McKim also interviewed a host of Wojnarowicz’s friends and collaborators, including Fran Lebowitz and artist Marion Scemama, but opted to keep his talking heads unseen, which allows the film a frenetic visual pace—its collage-as-bombardment style is very much in the spirit of Wojnarowicz’s work—and a timeless feel. “It was an opportunity for him to seem alive, in a way,” said McKim on his aesthetic decision. “I really wanted to focus on David, and by not seeing folks, the time that had passed wasn’t such a constant reminder.”
Fuck You Faggot Fucker tells Wojnarowicz’s life story, starting with his harrowing childhood. In his home state of New Jersey, he survived horrific abuse from his father, and later in his youth moved to New York City with his mother. He became an underage sex worker on the streets of New York, where he said he nearly died (he was off the streets by age 17 or 18). After briefly moving to Paris, he returned to New York and became involved in the East Village art scene, which had a brief hot moment in the mid-‘80s, during which Wojnarowicz finally began turning a profit after living much of his life in poverty and working for years in obscurity.
One of the most satisfying anecdotes from the time of Wojnarowicz’s brief prosperity involves an installation Wojnarowicz created for banker/art dealer Robert Mnuchin and Adriana Mnuchin in their Manhattan townhouse. It featured cow skulls covered in maps, Wojnarowicz’s famous Burning Child sculpture, and heaps of trash. With the trash came bugs and the potential to infest the lavish home of the wealthy collectors that Wojnarowicz resented. As with many ahead-of-their-time visionaries, Wojnarowicz’s decades-old work remains relevant but the tension between his artistic integrity and the rich people who could afford his work feels very much a relic of a time long passed in an era when it seems that almost every creator has resigned themselves to selling out. (Incidentally, or maybe not at all, Robert Mnuchin’s son is Steven Mnuchin, Donald Trump’s United States Secretary of the Treasury.)
Like other provocative queer artists of his time, Wojnarowicz became a political target. The National Endowment for the Arts rescinded $15,000 to fund his AIDS-focused “Tongues of Flame” exhibition after Wojnarowicz wrote an essay in which he illustrated the power of imagination by saying he could legally envision dousing Jesse Helms with gasoline, and called homophobic, anti-condom Cardinal John O’Connor “this fat cannibal from that house of walking swastikas.” To explain the decision, NEA chairman John Frohnmayer said, “We find… that a large portion of the content is political rather than artistic in nature.” It was always a laughable observation, but seems so particularly 30 years later, in a time when society is not just on board with the political nature of art—it practically demands that art be politically meaningful.

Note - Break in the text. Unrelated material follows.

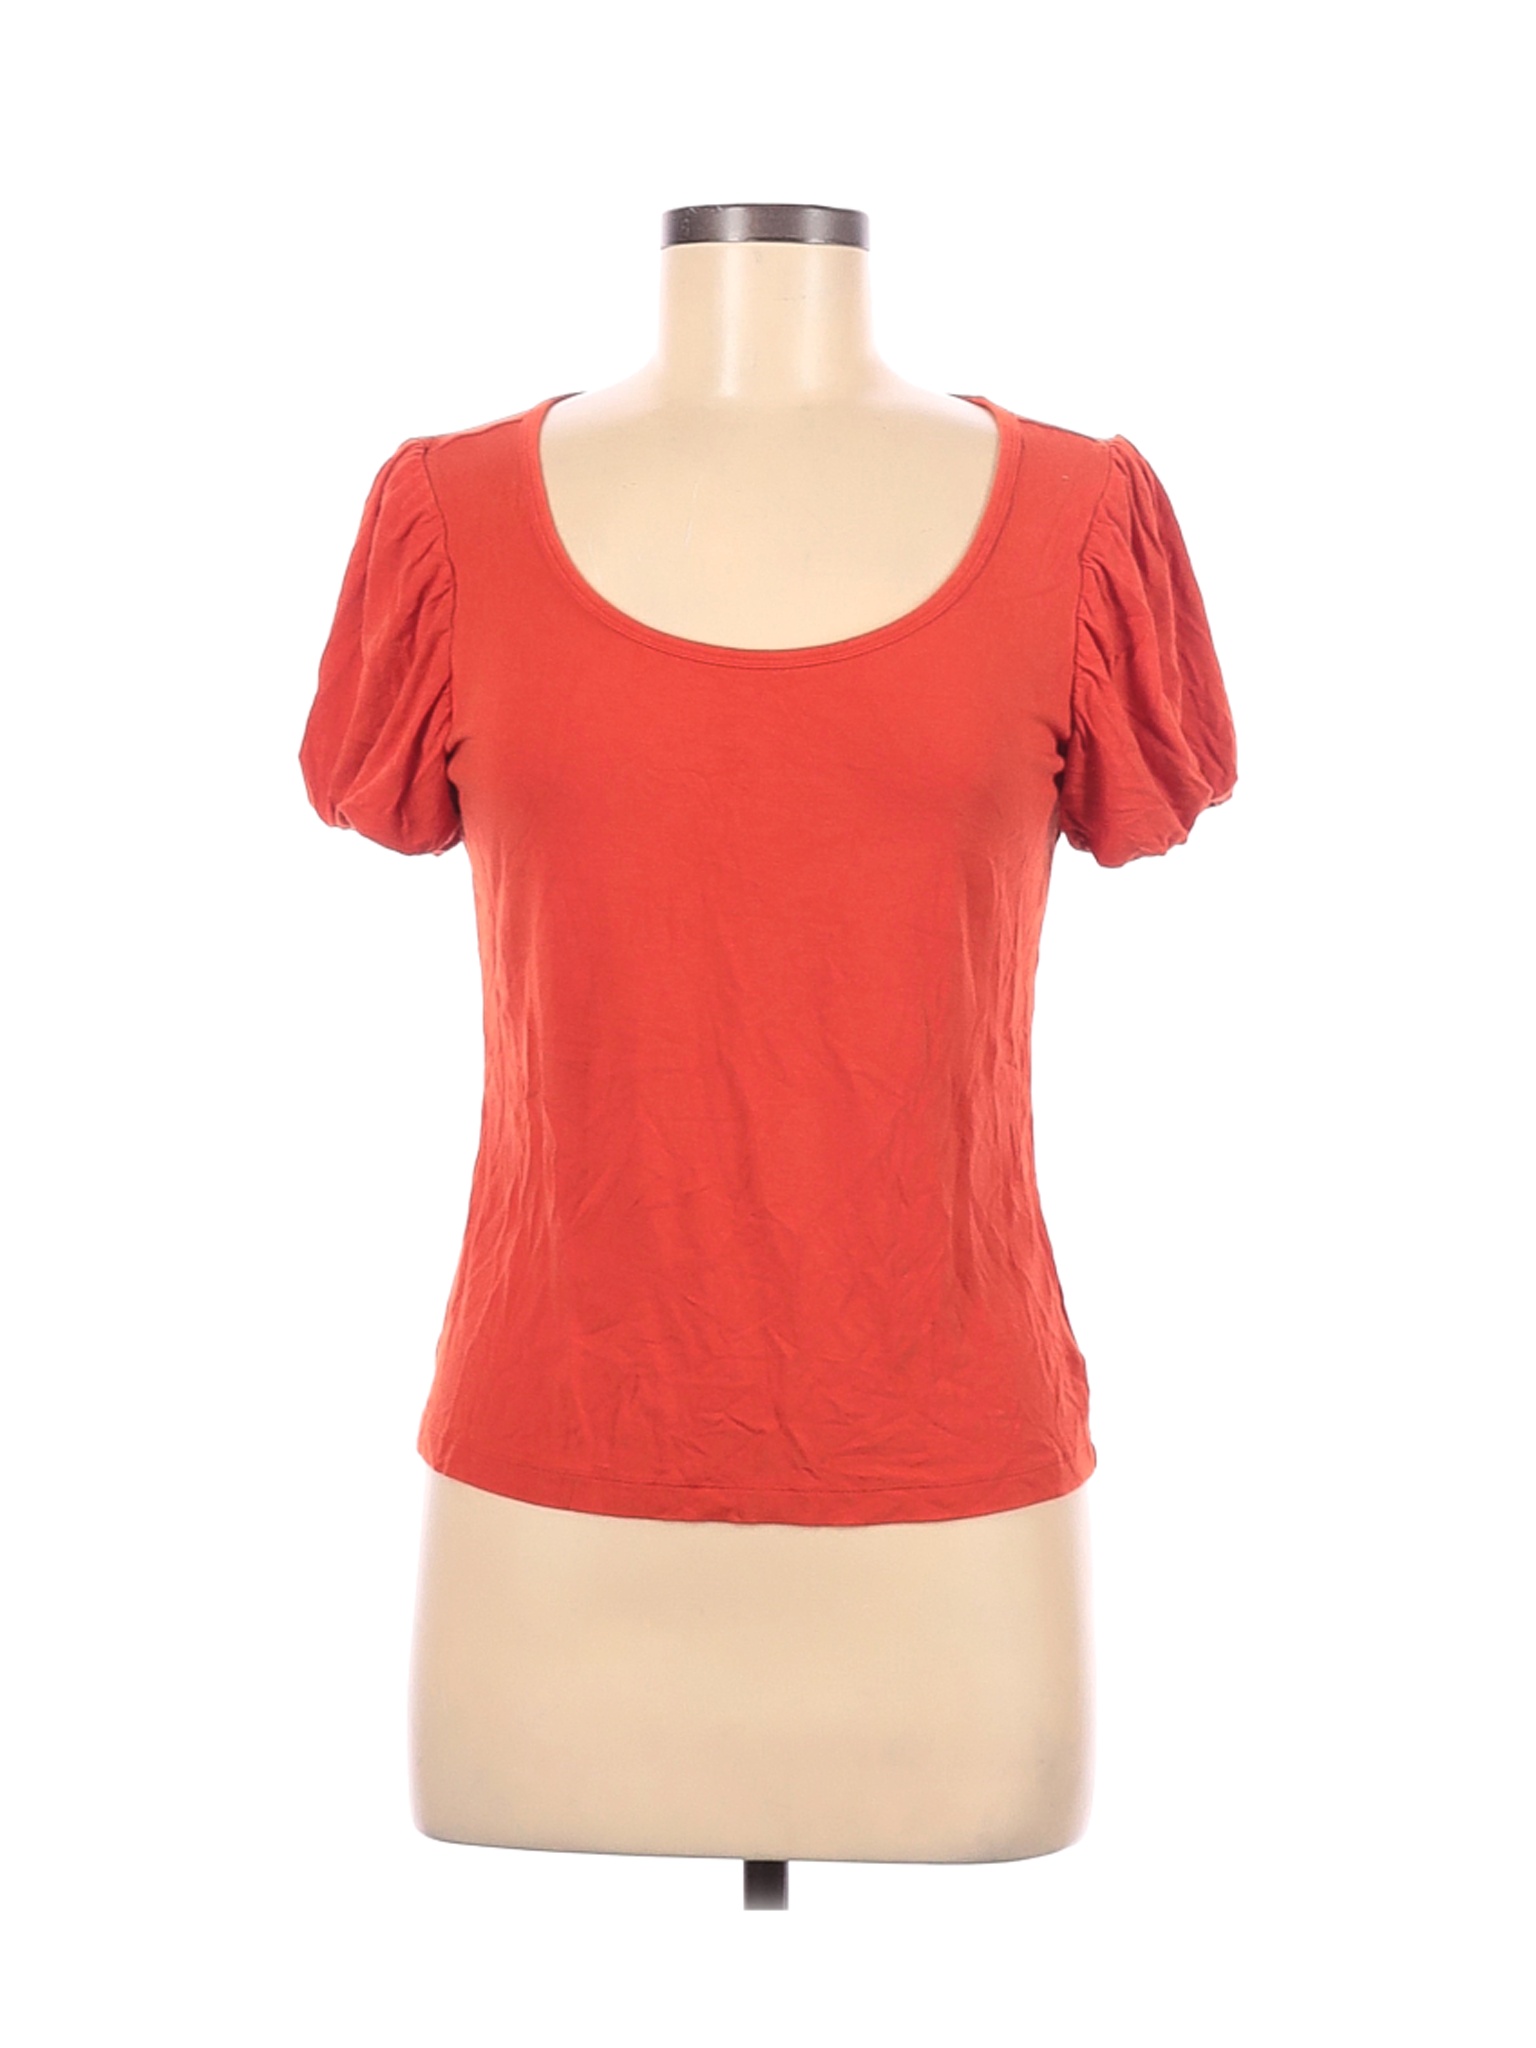 Lauren by Ralph Lauren Women Orange Short Sleeve Top M | eBay

“When I contracted this virus, it didn’t take me long to realize I contracted a diseased society as well,” we hear Wojnarowicz say in the film. All these years later, society’s recovery is ambiguous at best. In 2010, Wojnarowicz’s film A Fire in My Belly, which features ants crawling on a crucifix, was pulled from an exhibit Smithsonian’s National Portrait Gallery after an outcry primarily spearheaded by the Catholic League. On the upside, the Whitney hosted a Wojnarowicz retrospective exhibition in 2018 in which an unsung artist at last received his due.
“He was always searching,” said McKim. “That for me was what was so great about the experience. Everything was so relatable”
Wojnarowicz: Fuck You Faggot Fucker is available for online viewing via DOC NYC.